The Samsung Galaxy tablet is starting to be sold widely - every major US wireless carrier is going to be selling the device. And every one is selling it at a different price and with a different priced data plan. For example, on T-Mobile, it's $399 on contract and $599 without.
That means the T-Mobile contract subsidy is $200 over 24 months, about $9/month. T-Mobile's data plans are exactly the same - the same price whether your are on contract or not (so not much of an incentive to be contract-free) and the same price regardless of the device you use. Of all the major carriers this is probably the fairest deal.
ATT is offering 2GB for $25 on the data plan. Sprint will be offering the same amount of data for $29 or 5GB for $60. Verizon has the worst plan: $20 for just 1 GB. Even worse: It's not clear, from the data I've been reading, that when you pay full price at these networks that the tablet will be unlocked for your use on any network.

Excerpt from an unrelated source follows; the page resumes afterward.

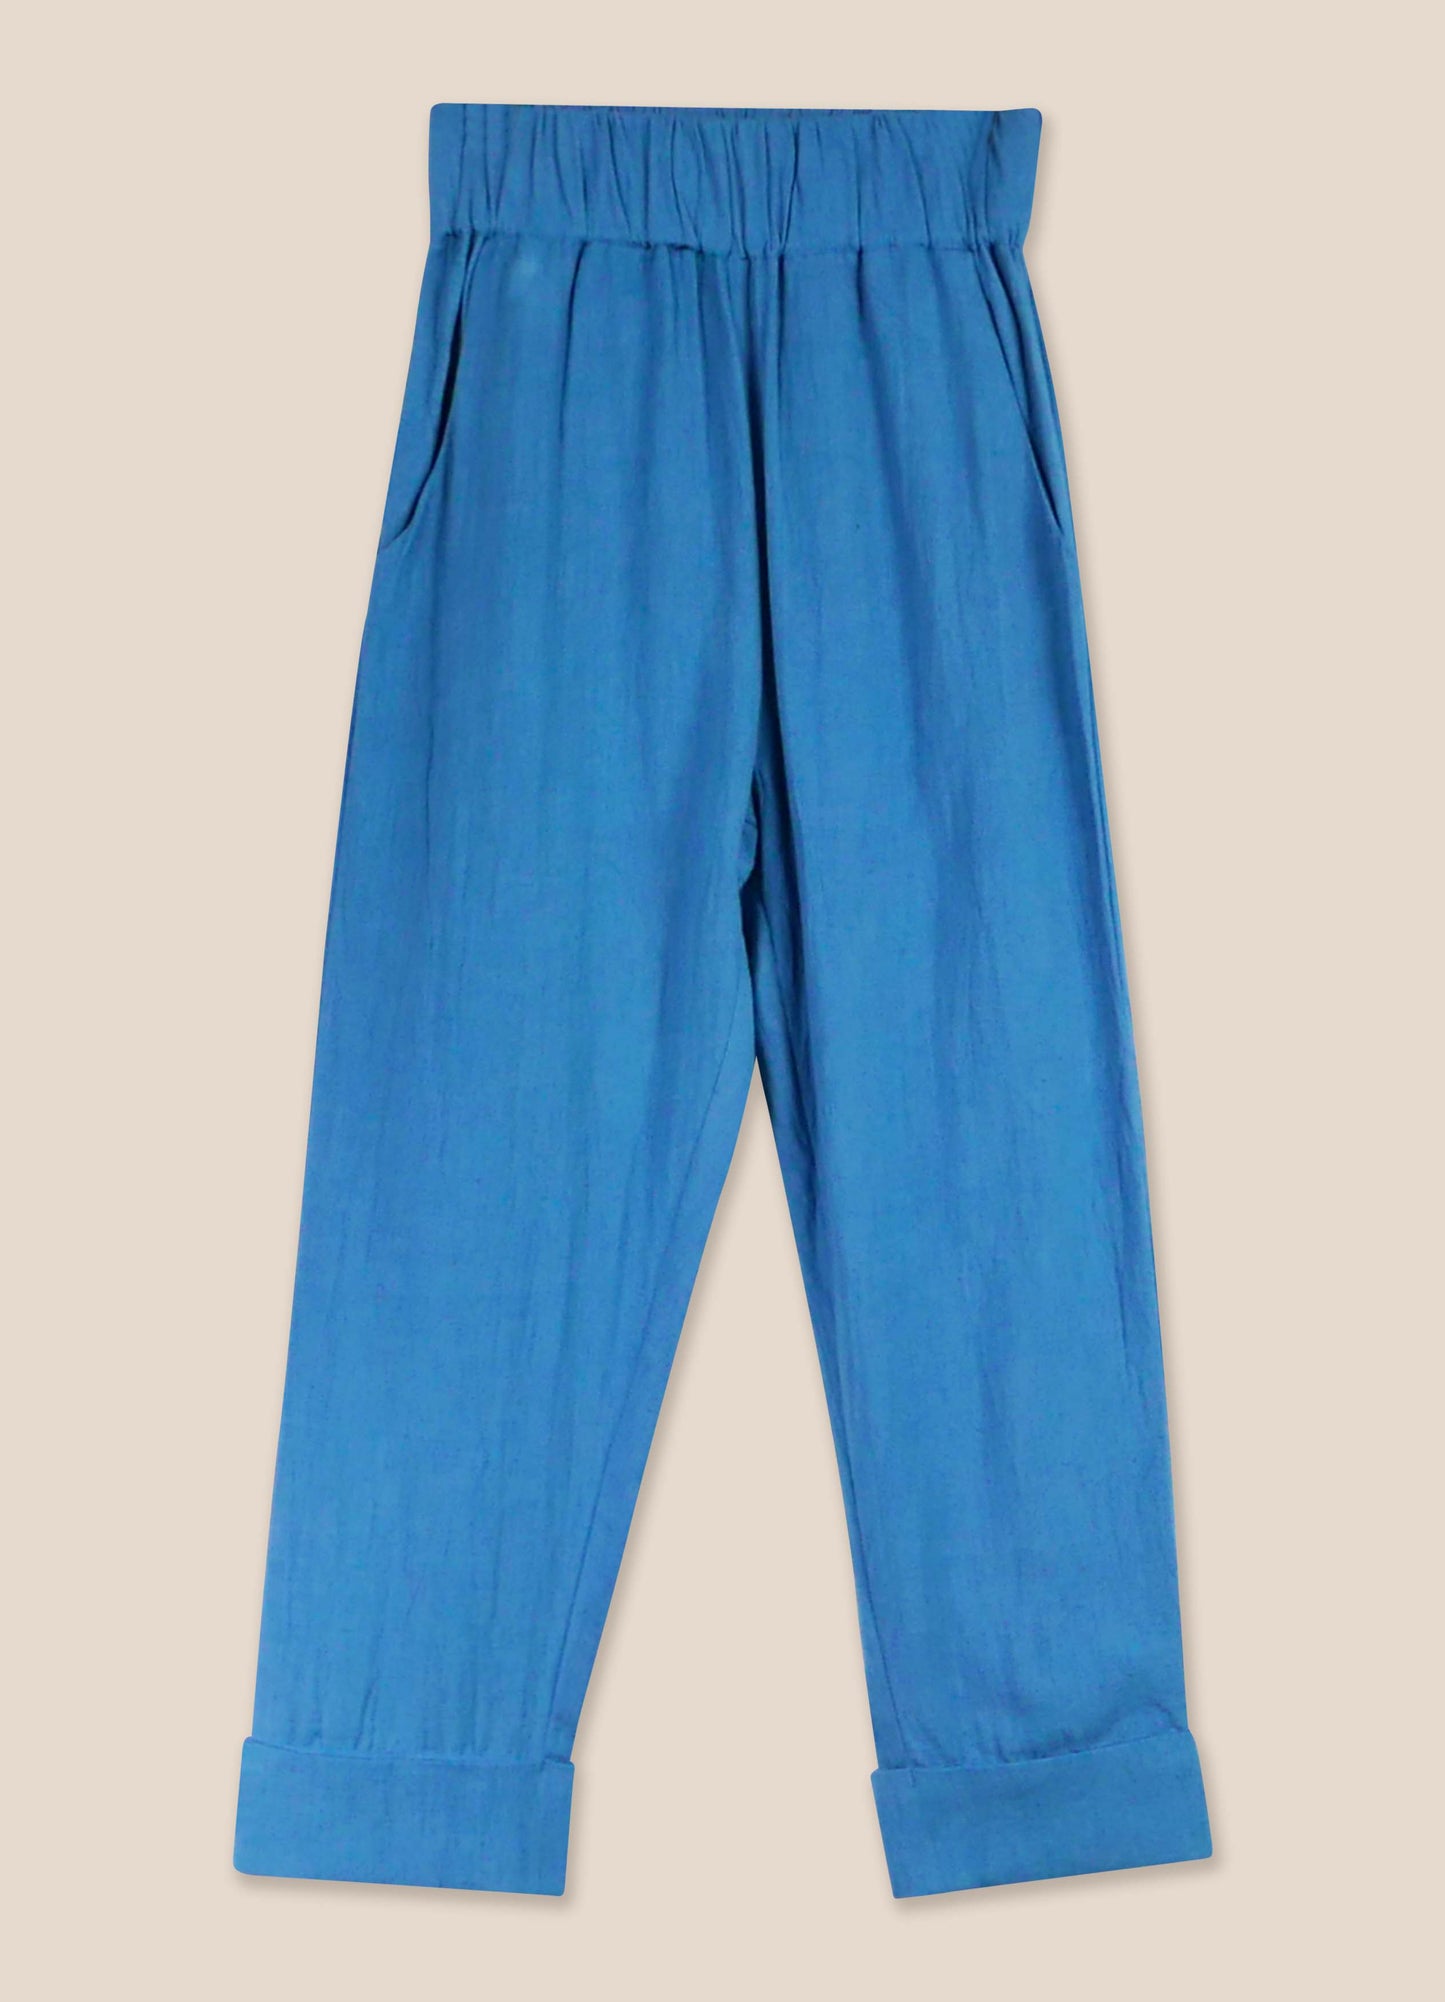 Trousers No. 10 Provincial Blue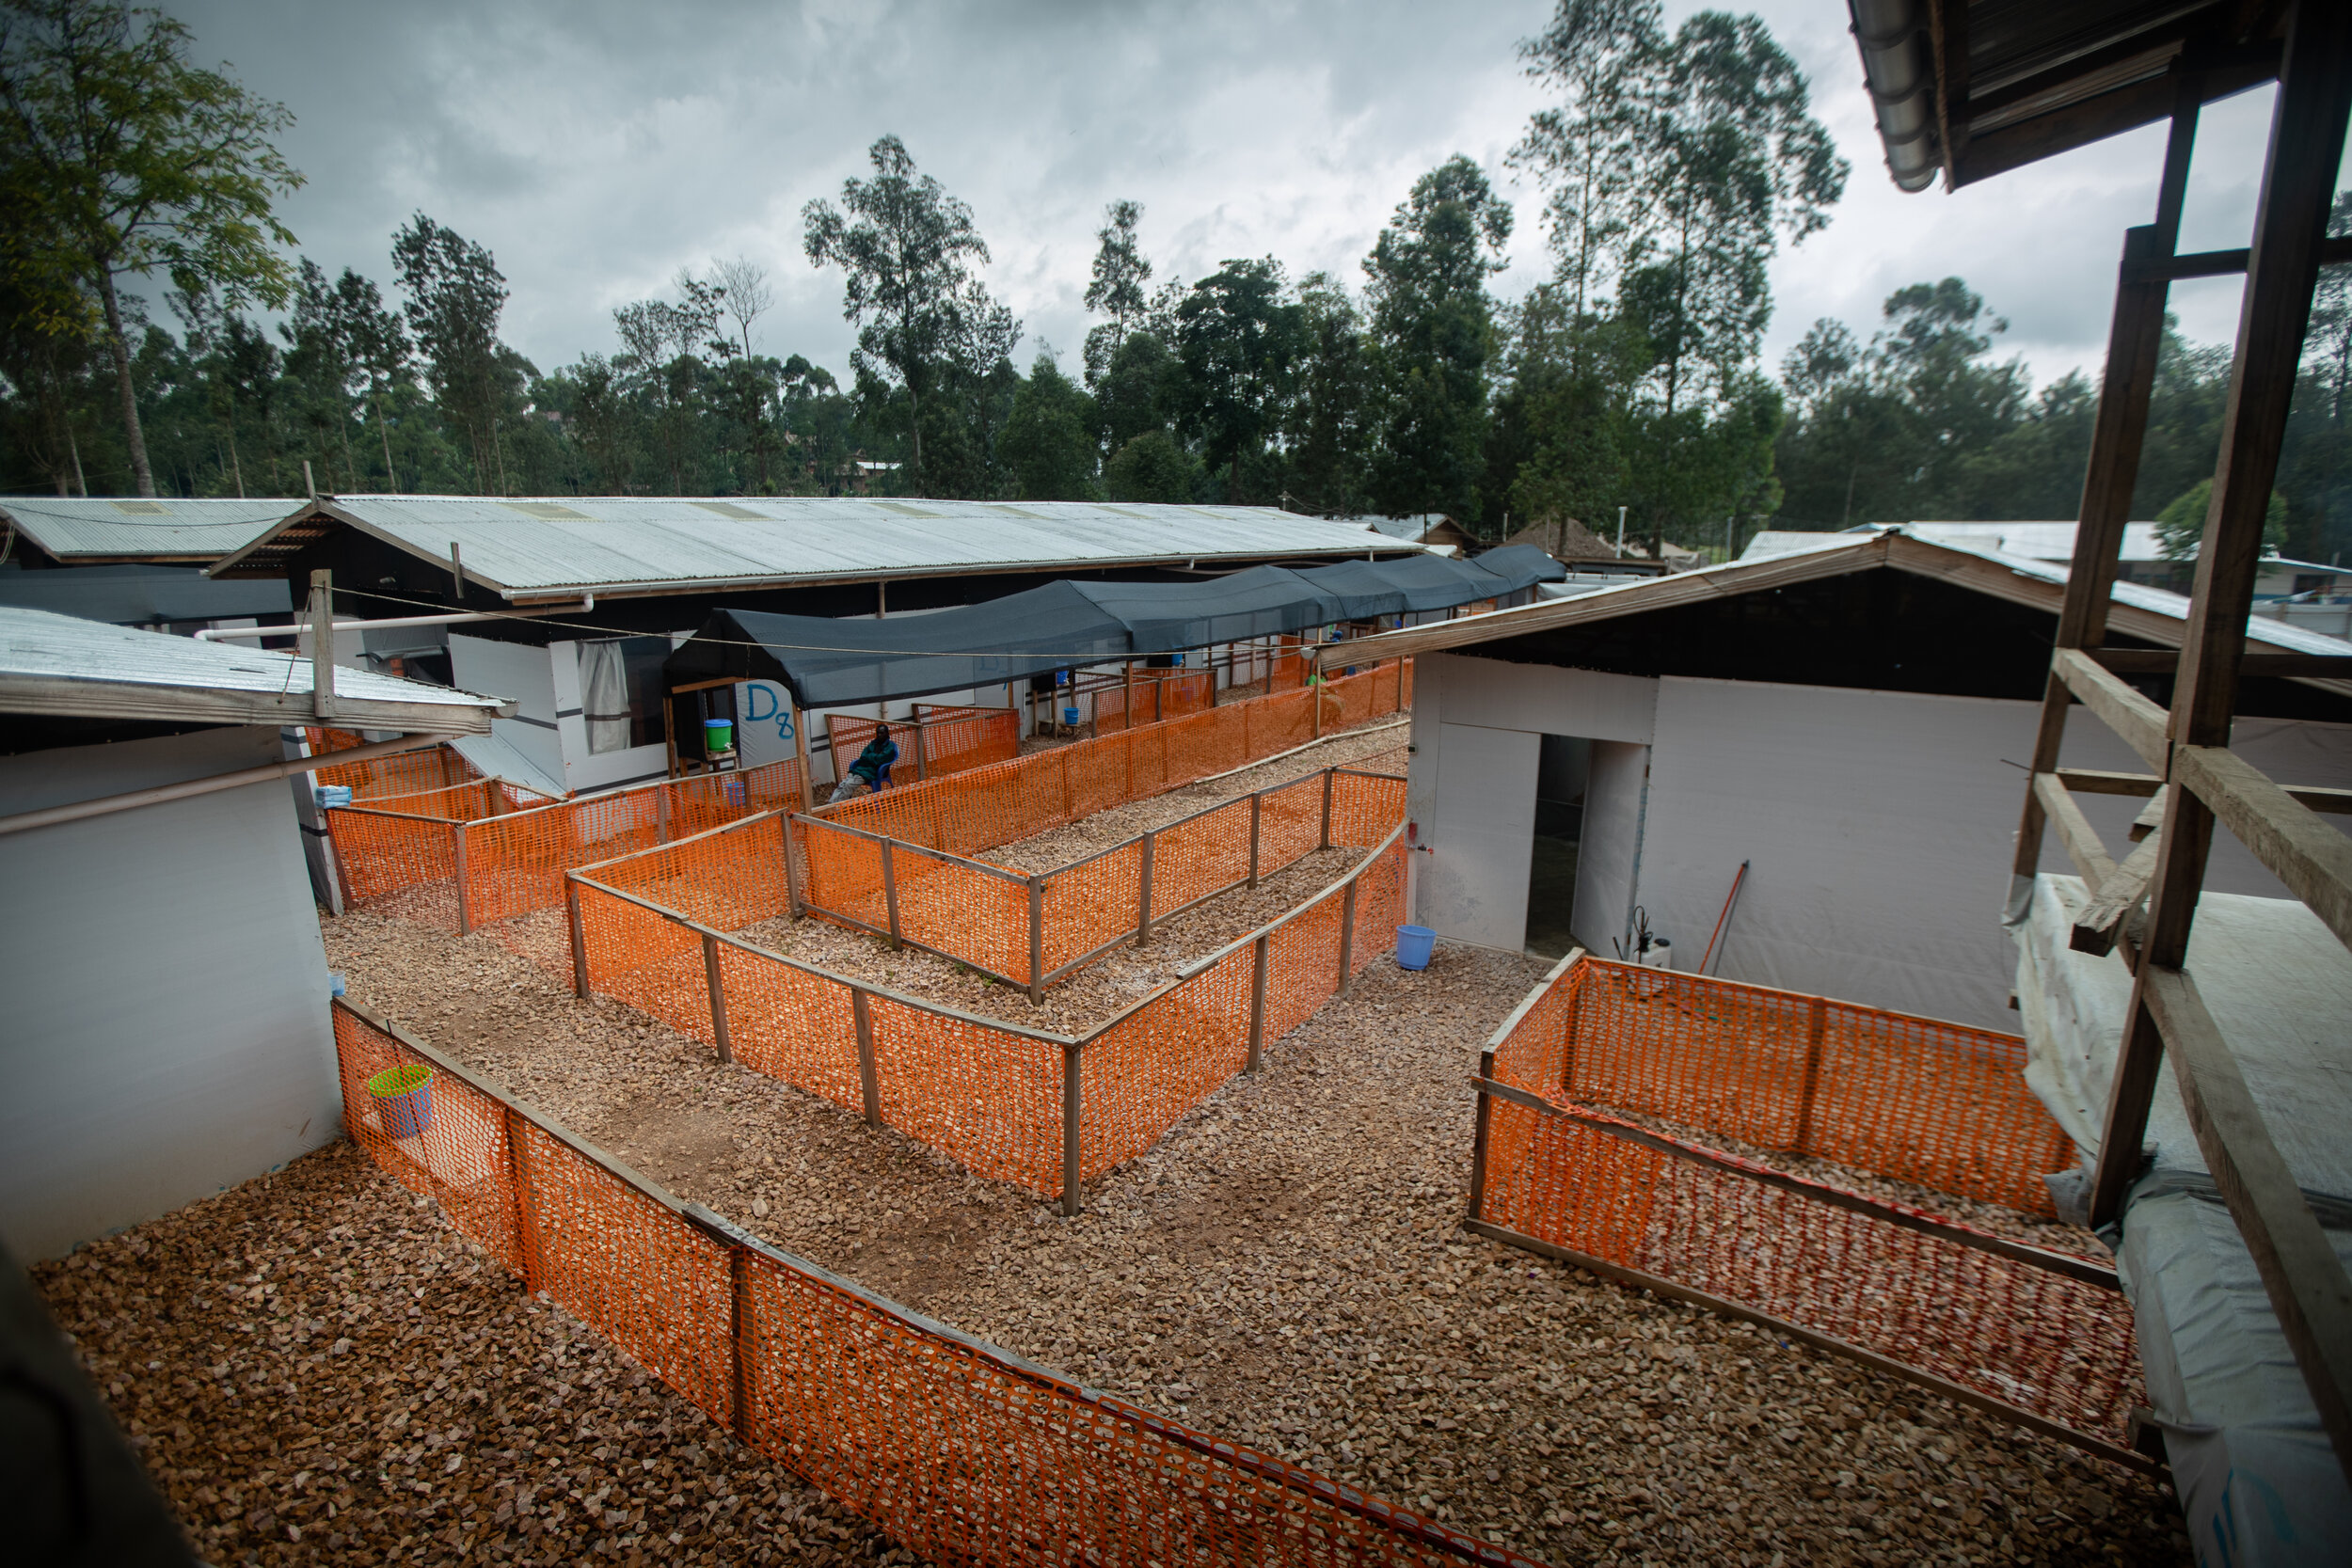  the recovery zone at Katwa Ebola treatment center, The Democratic Republic of Congo, 2019

All those different plans and prices and structures? Could be quite confusing to consumers. The total subsidy is relatively smaller than most phones (the iPhone, which is close to $700 at retail goes for $199) and the data plans are far most costly, it seems, on average than phone plans for the same amount of data, or less. The iPad's unsubsidized approach keeps pricing simple, but at the cost of a higher price.
What should the wireless carriers be doing? Upping the subsidy I think. The $399 subsidized price might not be low enough to make buying the Galaxy tab over the iPad a no-brainer. While the carriers are pushing the Table and the iPad, the better value is a WiFi device with MiFi device (preferably from Virgin).